Instructions for the task: Please copy only the material from the line that has "San Diego Festival of Books - Author Alley" to the very last line, both ends included, exactly as written and without pictures.

Material provided:
☆ ☆ ☆

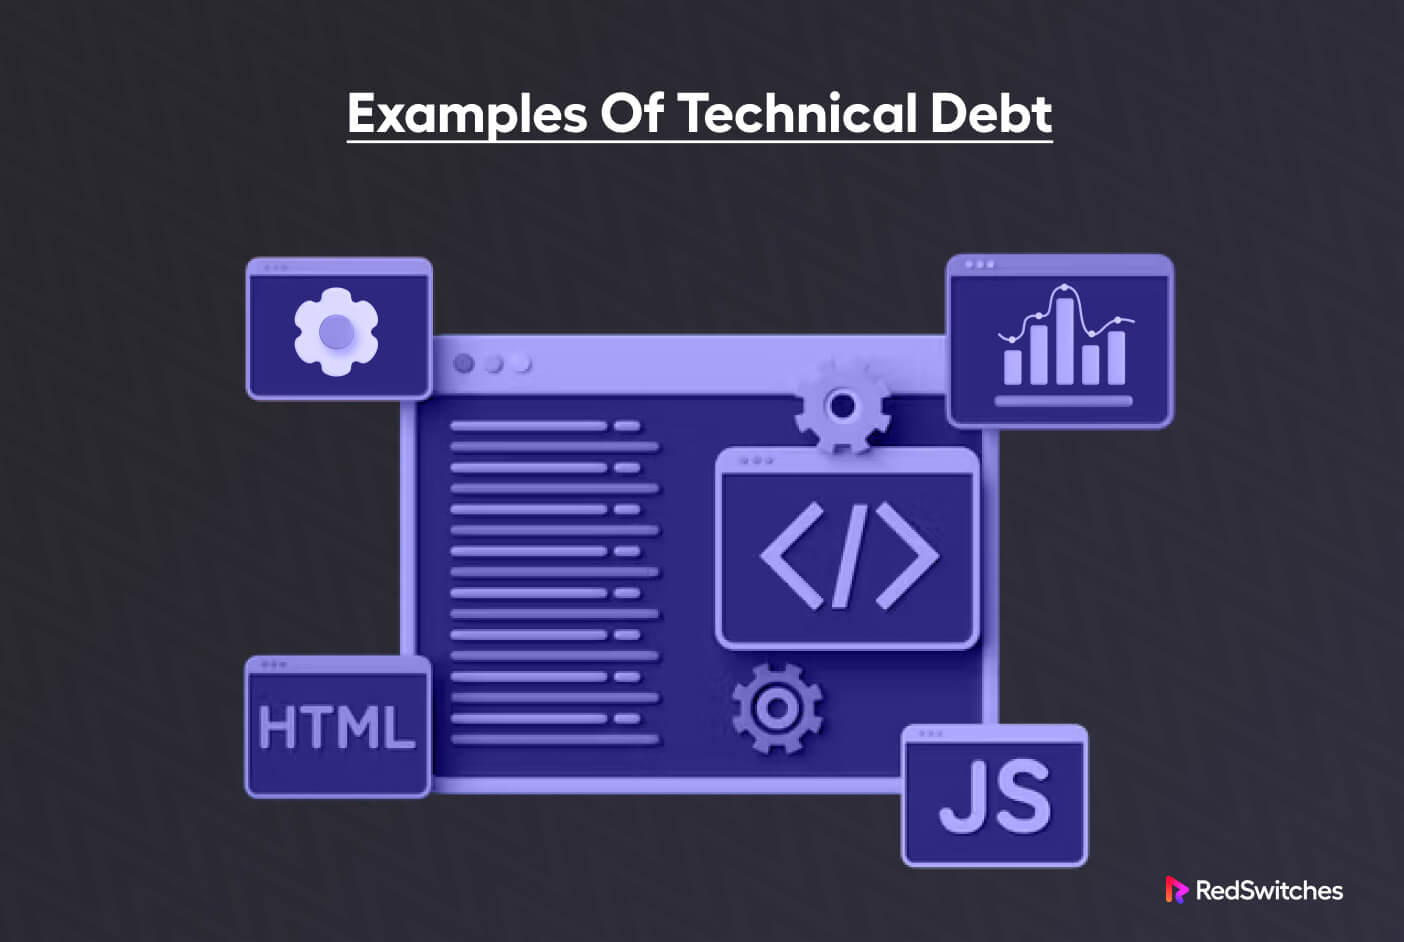 Examples of technical debt
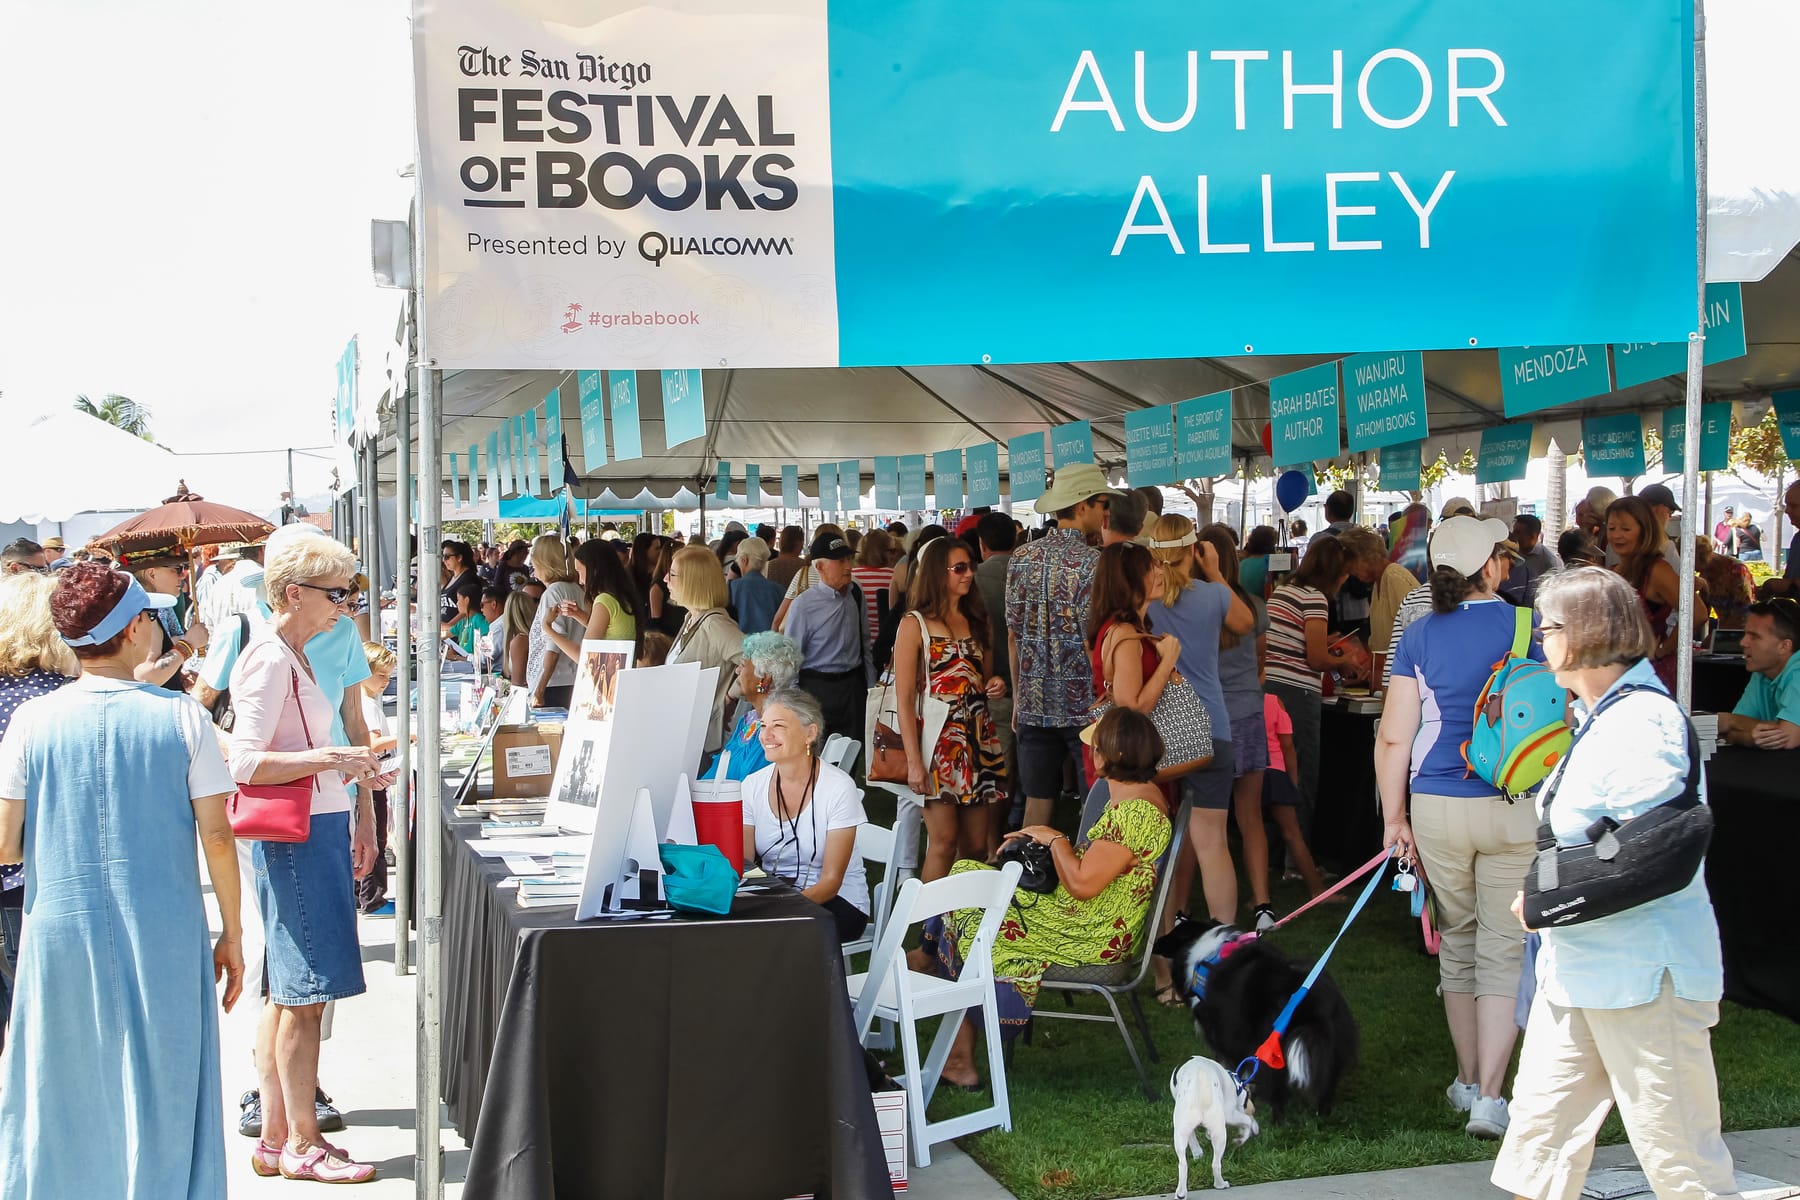 San Diego Festival of Books - Author Alley
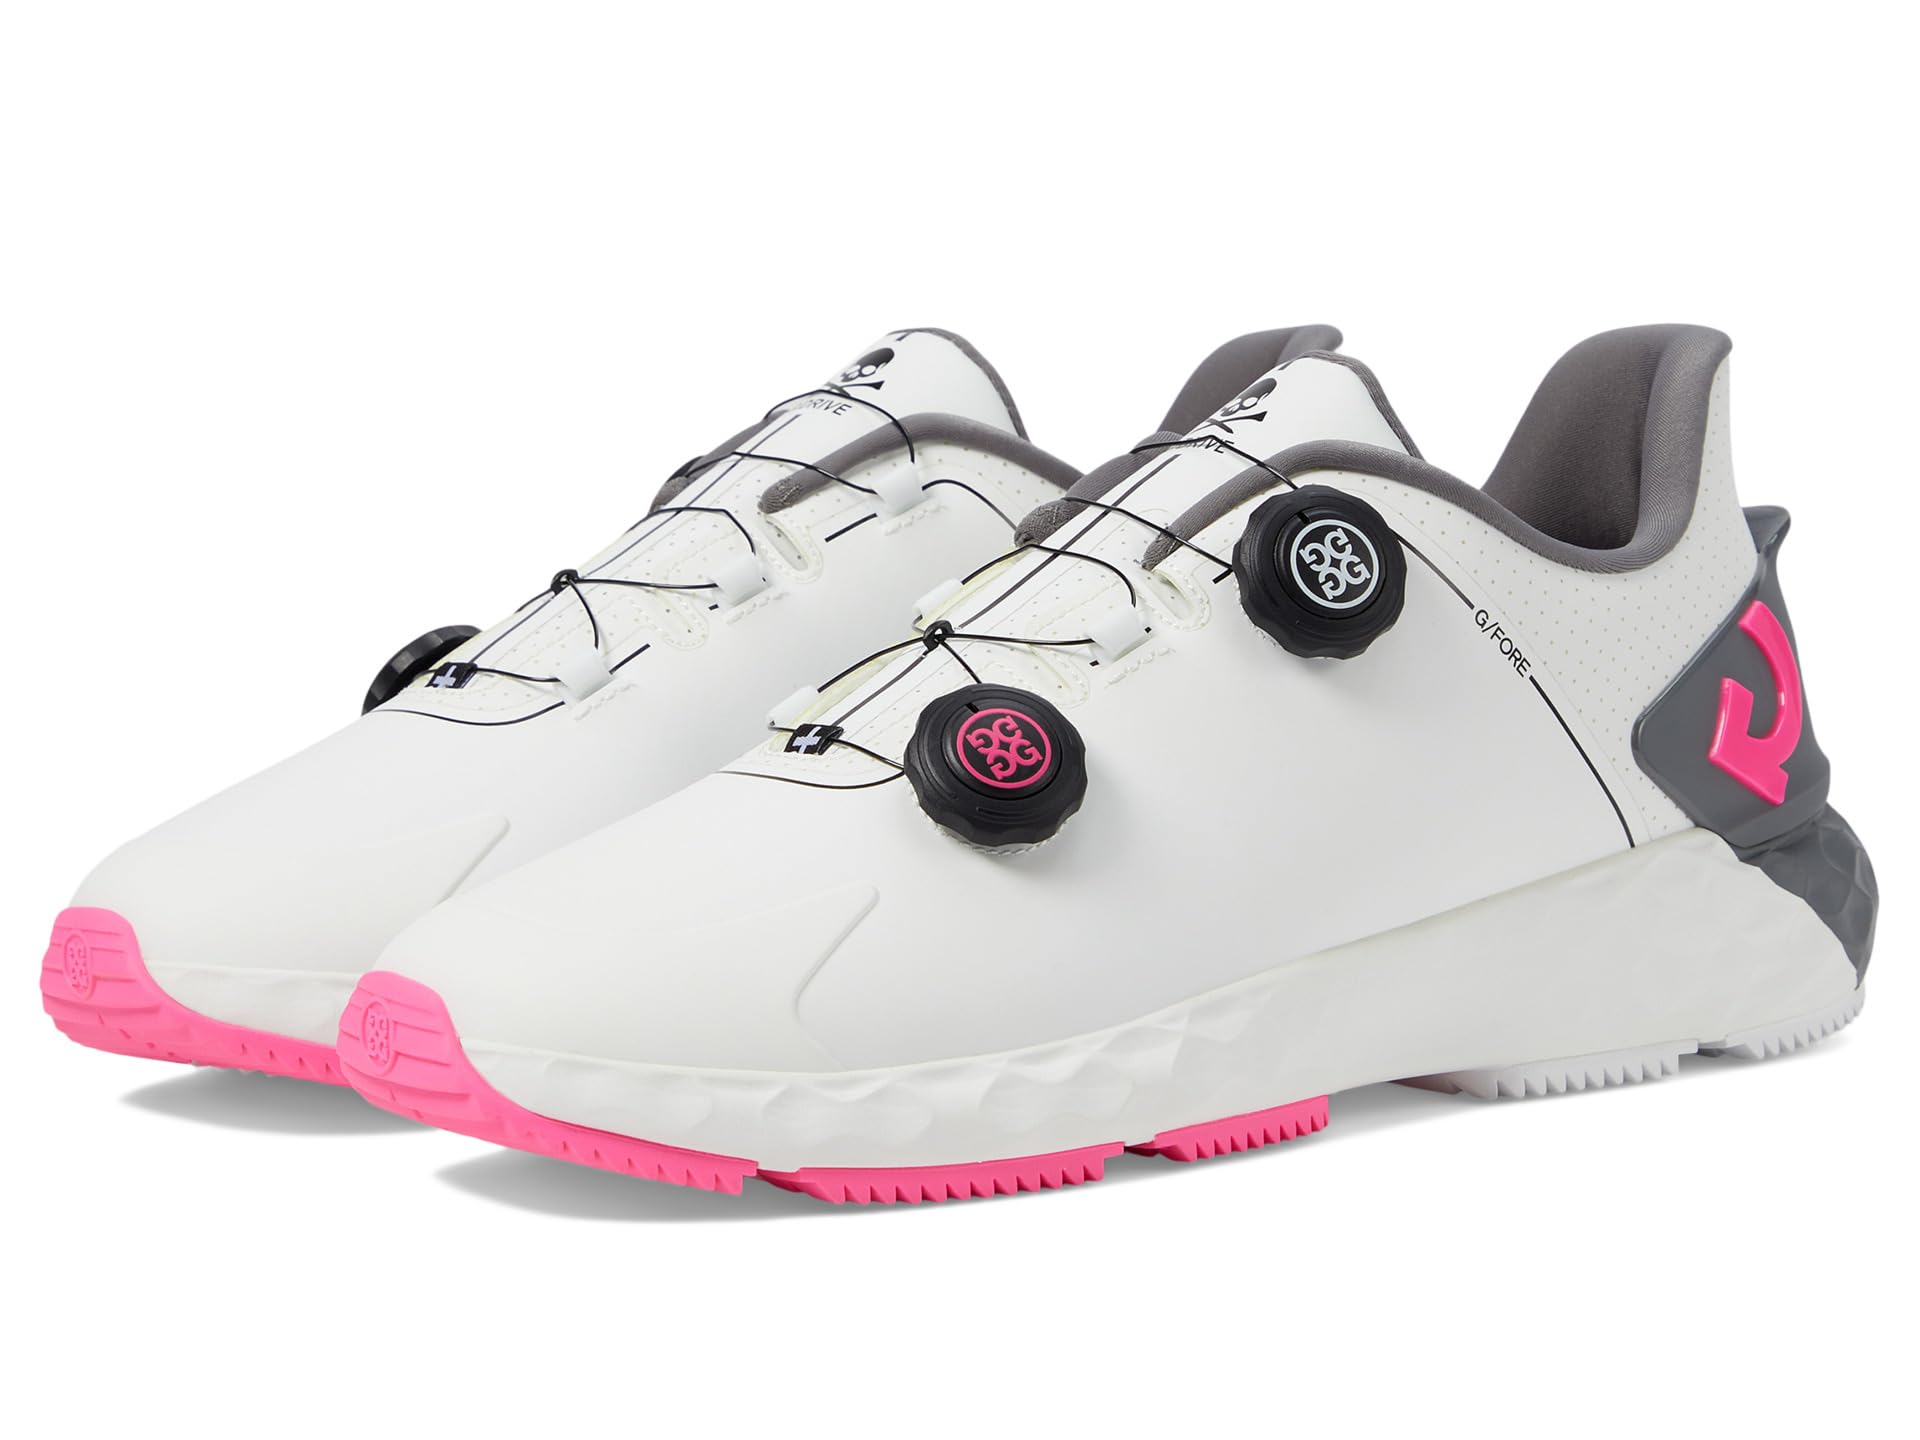 Men's G/Drive Perforated T.P.U. Golf Shoes GFORE
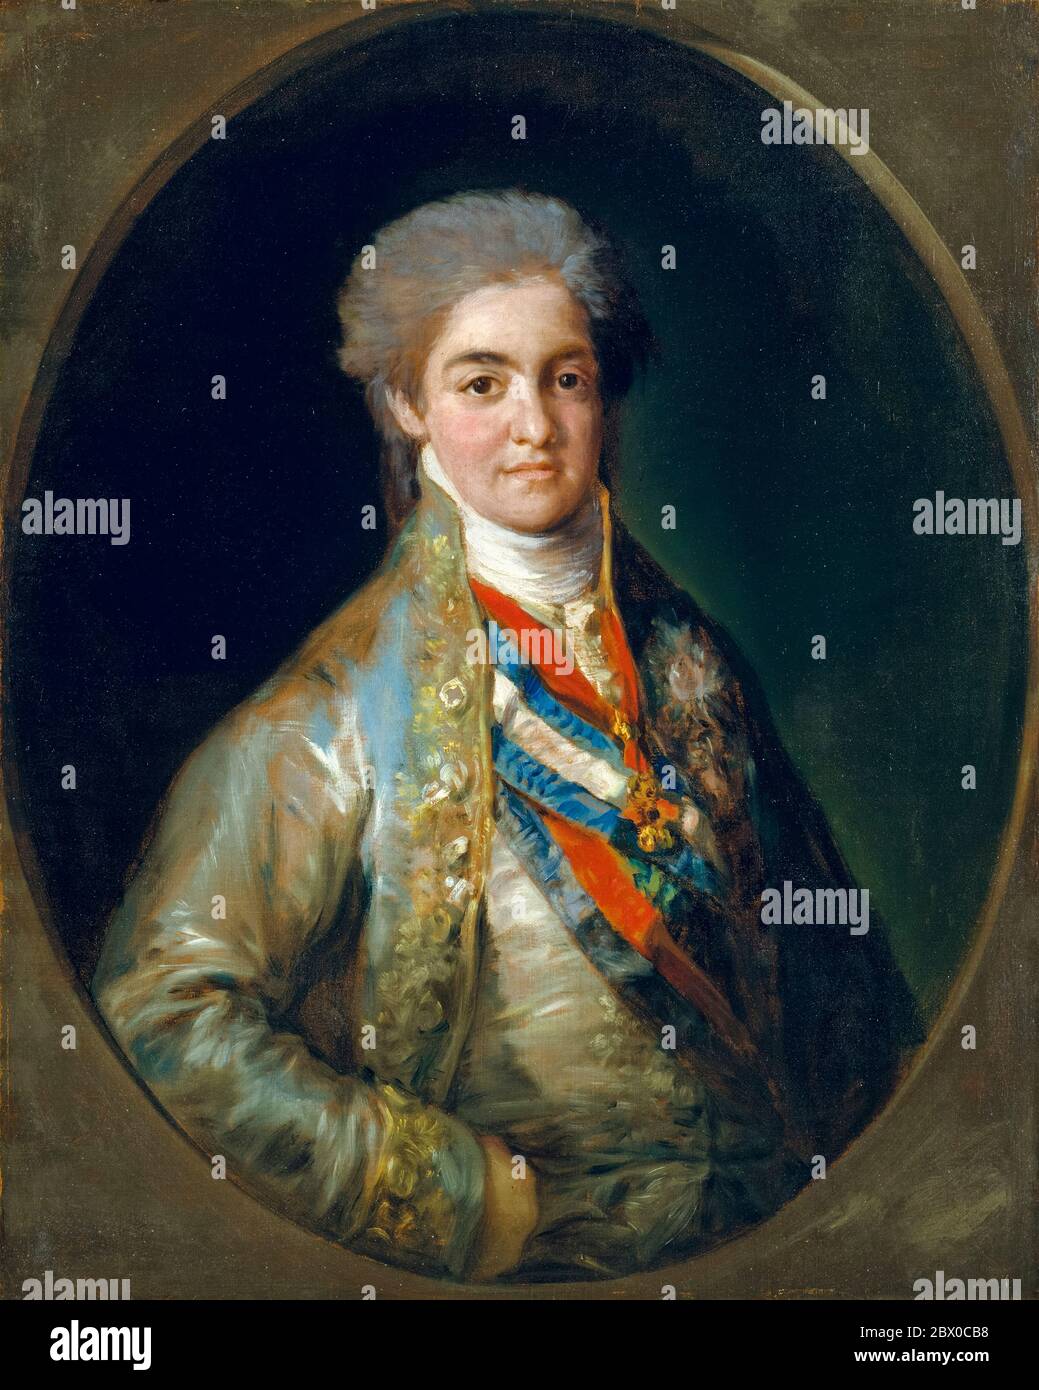 Ferdinand VII of Spain (1784–1833), when Prince of Asturias aged 16 years old, portrait painting by Francisco Goya, circa 1800 Stock Photo

☆ ☆ ☆

Written solution:
 San Diego Festival of Books - Author Alley
 Men's G/Drive Perforated T.P.U. Golf Shoes GFORE
 Ferdinand VII of Spain (1784–1833), when Prince of Asturias aged 16 years old, portrait painting by Francisco Goya, circa 1800 Stock Photo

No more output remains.